Friday, April 06, 2007
Jacques Rancière: partilha e compromisso.
As estrelas que vemos brilhar no firmamento dependem, sempre, na nossa posição na terra. As estrelas são, então, presenças de algo mais elevado mas cujo brilho nos toca e nos guia no que há de mais concreto – a nossa existência. Os filósofos encontram-se entre essas estrelas, cada vez menos perceptíveis (a poluição encobre os céus). Vêm estas notas a propósito de Jacques Rancière um grande pensador da estética, nosso contemporâneo. Para Rancière, a “estética” não designa uma disciplina, uma divisão da filosofia, mas uma ideia do pensamento. A estética não é um saber sobre as obras, mas um modo particular de pensamento que se desdobra sobre elas e que as toma como testemunhos de uma questão: uma questão que se refere ao sensível e à potência de pensamento que o habita antes do pensamento, sem o conhecimento do pensamento.
A estética é, antes de mas, uma “partilha do sensível”. Na belíssima entrevista que Rancière deu a Òscar Faria, publicada na edição de hoje do Ípsilon, o filósofo francês esclare o que entende por “partilha do sensível”: “É o conjunto das formas que definem aquilo que podemos perceber, que definem a maneira como podemos dar nomes àquilo que percebemos, à maneira como o podemos pensar.”. O pensamento estético é isto: esta aventura do pensamento para tocar o que o toca, para nomear o que parece clamar o nosso nome, para pensar o que, arrebatando-nos, parece pensar por nós.
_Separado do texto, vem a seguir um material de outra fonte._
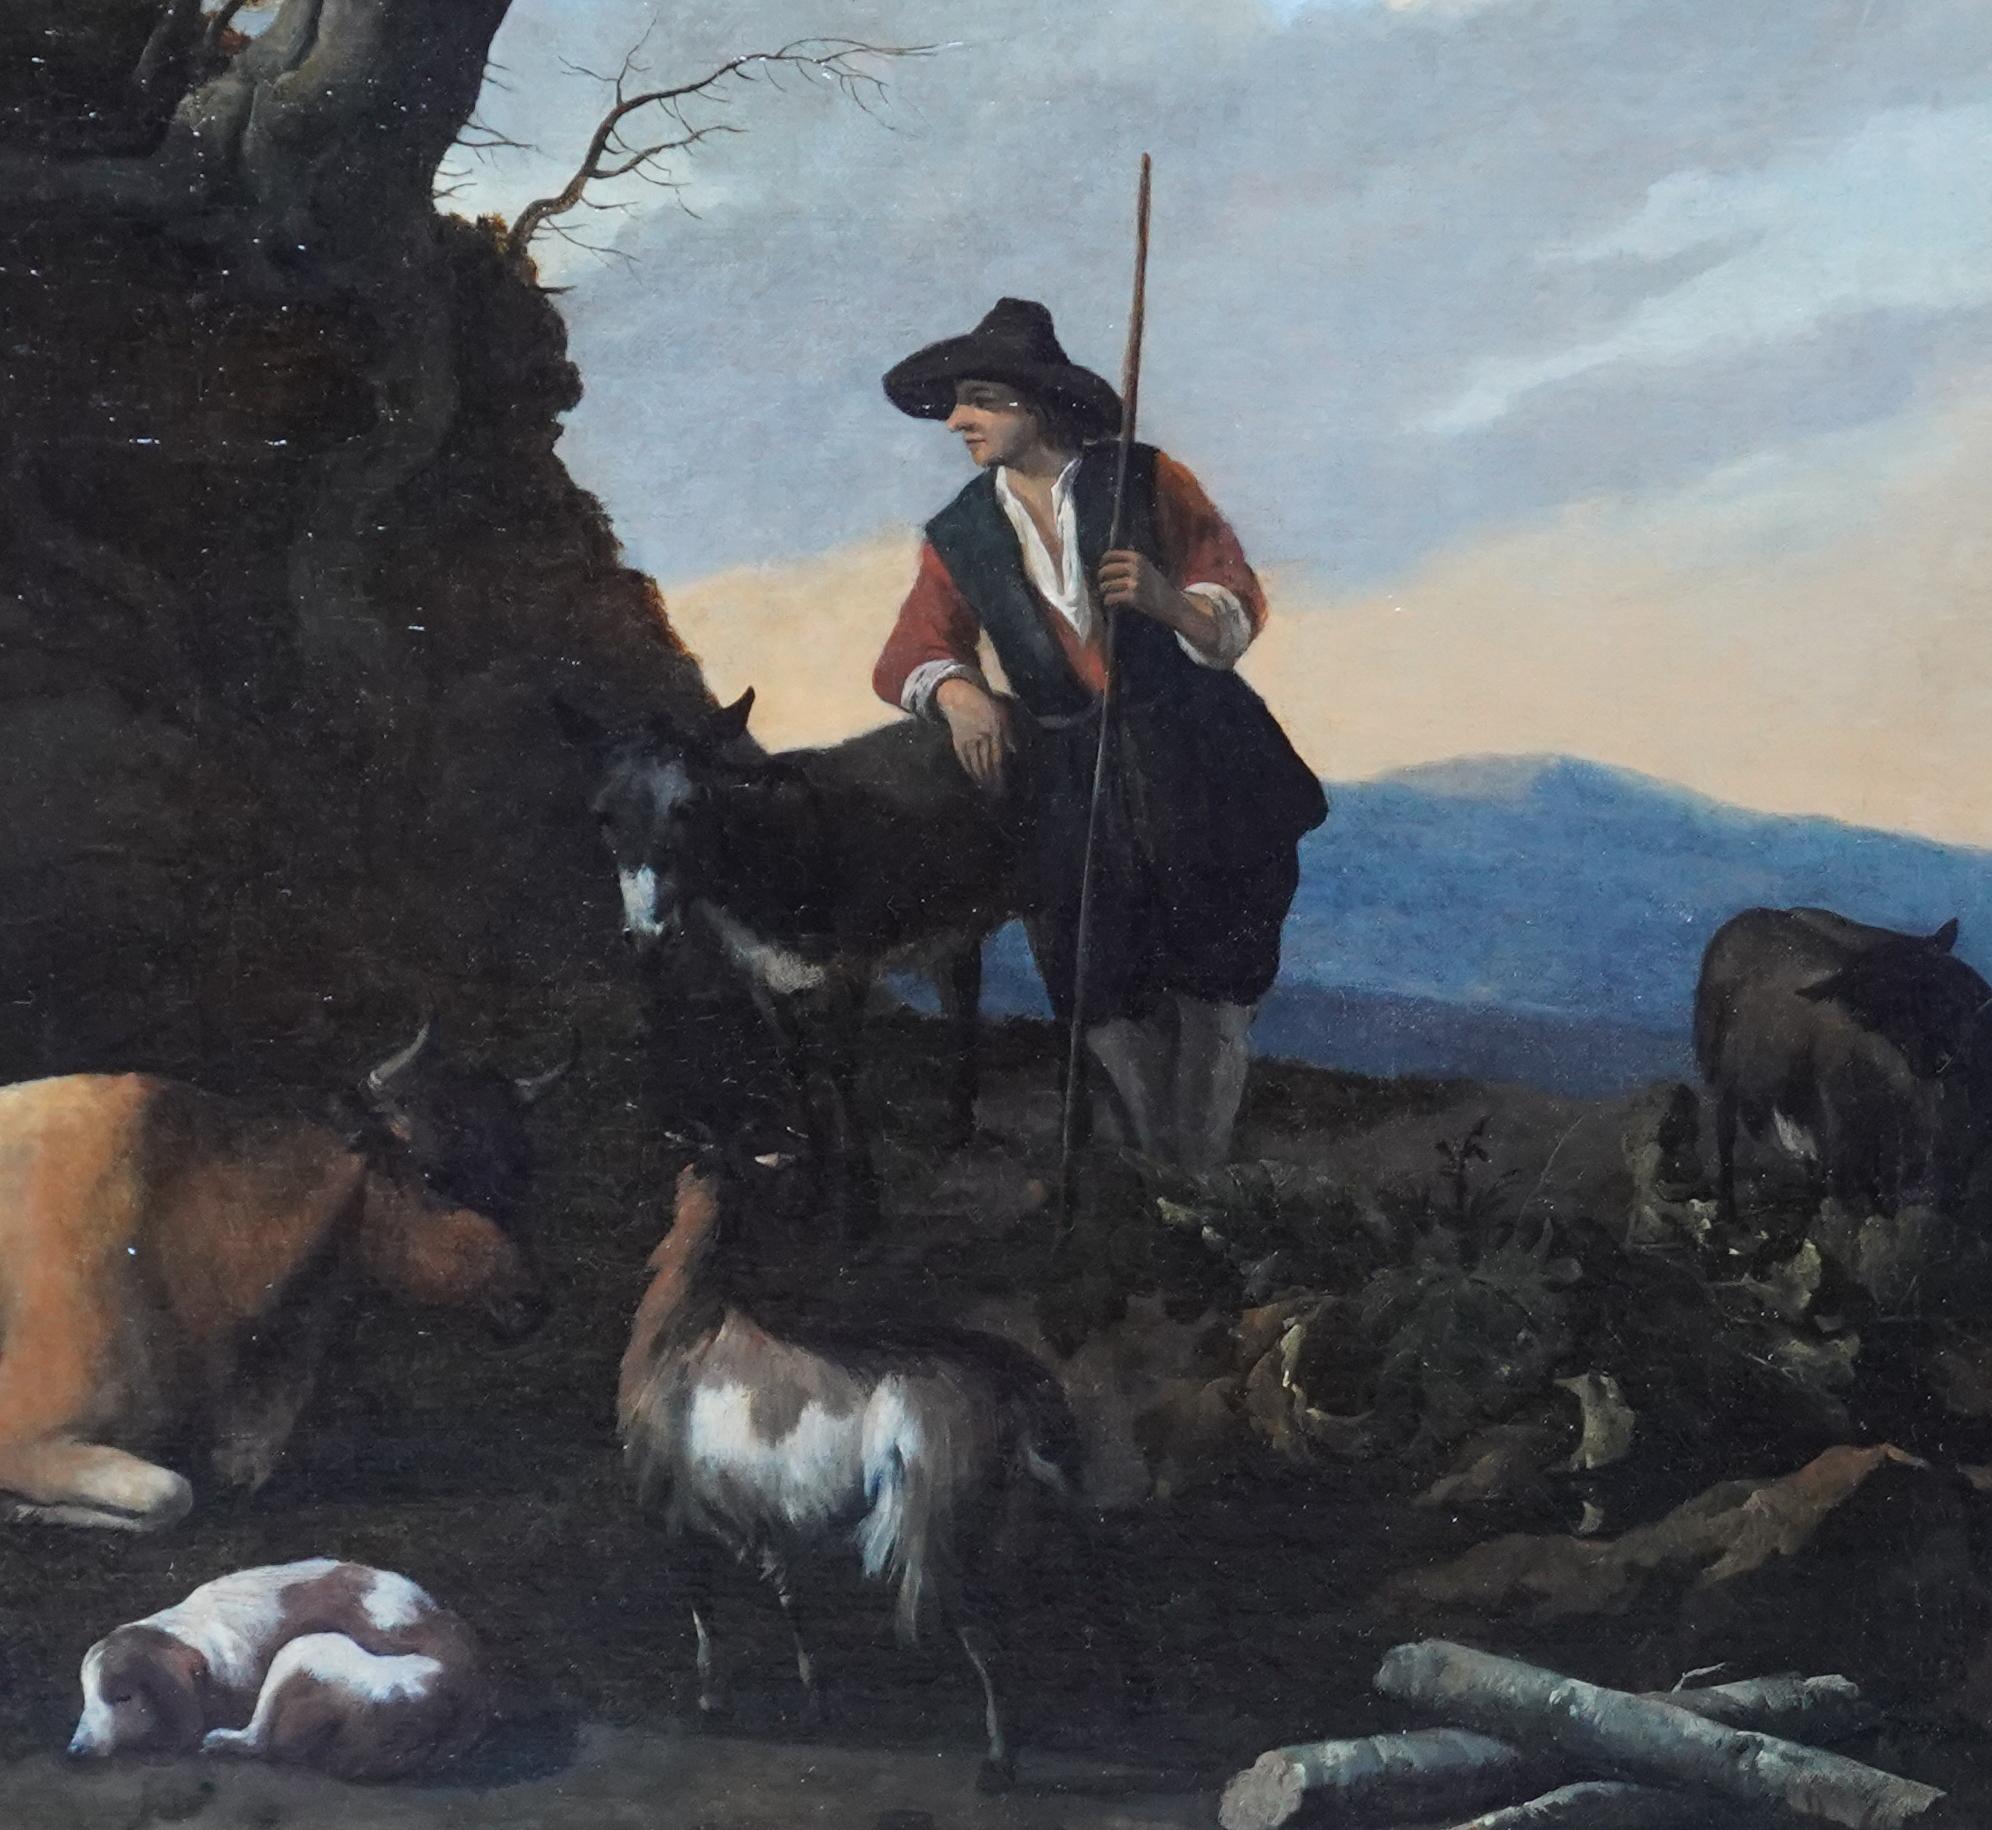 Dieses schöne niederländische Altmeister-Ölgemälde wird dem bekannten niederländischen Künstler Nicholaes Berchem zugeschrieben. Es wurde um 1665 gemalt und zeigt eine bezaubernde pastorale Szene mit einem Hirten und seinen Tieren, darunter Schafe,

Não é o “estético” esse “tremor do coração” que faz perder o pensamento (ante um rosto, uma imagem, uma melodia) na fertilidade do deserto?
Na essência, a partilha do sensível é a “configuração” daquilo que para nós é perceptível e sentido, daquilo que para nós “faz sentido” (num “ter sentido” sentindo-o), “esta configuração, esclarece Rancière, supõe ela mesma uma partilha entre aquilo que é e aquilo que não é visível, entre aquilo que faz e aquilo que não faz sentido. E esta partilha é também uma maneira de definir, de distribuir as capacidades dos indivíduos).
Rancière é o pensador da tradição kantiana da “partilha do sensível”, do “sentido comum” de Kant, mas é, também, o pensador do compromisso, marca de alguém que “cresceu no tempo dos livros de Foucault”, leia-se a forma como Rancière fala de Pedro Costa, leia-se a defesa da necessária instauração de um “dispositivo estético de distância” que permita, autenticamente, à arte “representar”. A força da arte, lembra Rancière, não está em entrar na vida, em tornar-se vida, mas em “configurar a vida” através de uma “figura estética”.
“A relação distância/proximidade pode ser compreendida assim: para fazer ouvir uma palavra é necessário instaurar um dispositivo estético de distância. Essas palavras, por que as não ouvimos? Não as ouvimos enquanto elas forem tomadas sob a forma de reportagem: um pobre fala pobre, um imigrante fala imigrante, ele apenas faz reconhecer a sua condição. (…) A força da arte é, precisamente, a de sair das figuras, das formas sensíveis esperadas. Isso supõe esta espécie de distância: estamos diante um ecrã, não estamos perante uma pessoa, estamos na posição do espectador; o que temos diante de nós não é um indivíduo que conta a sua vida, mas uma figura estética que impõe a sua potência.”
Jacques Rancière estará em Serralves na próxima quinta-feira.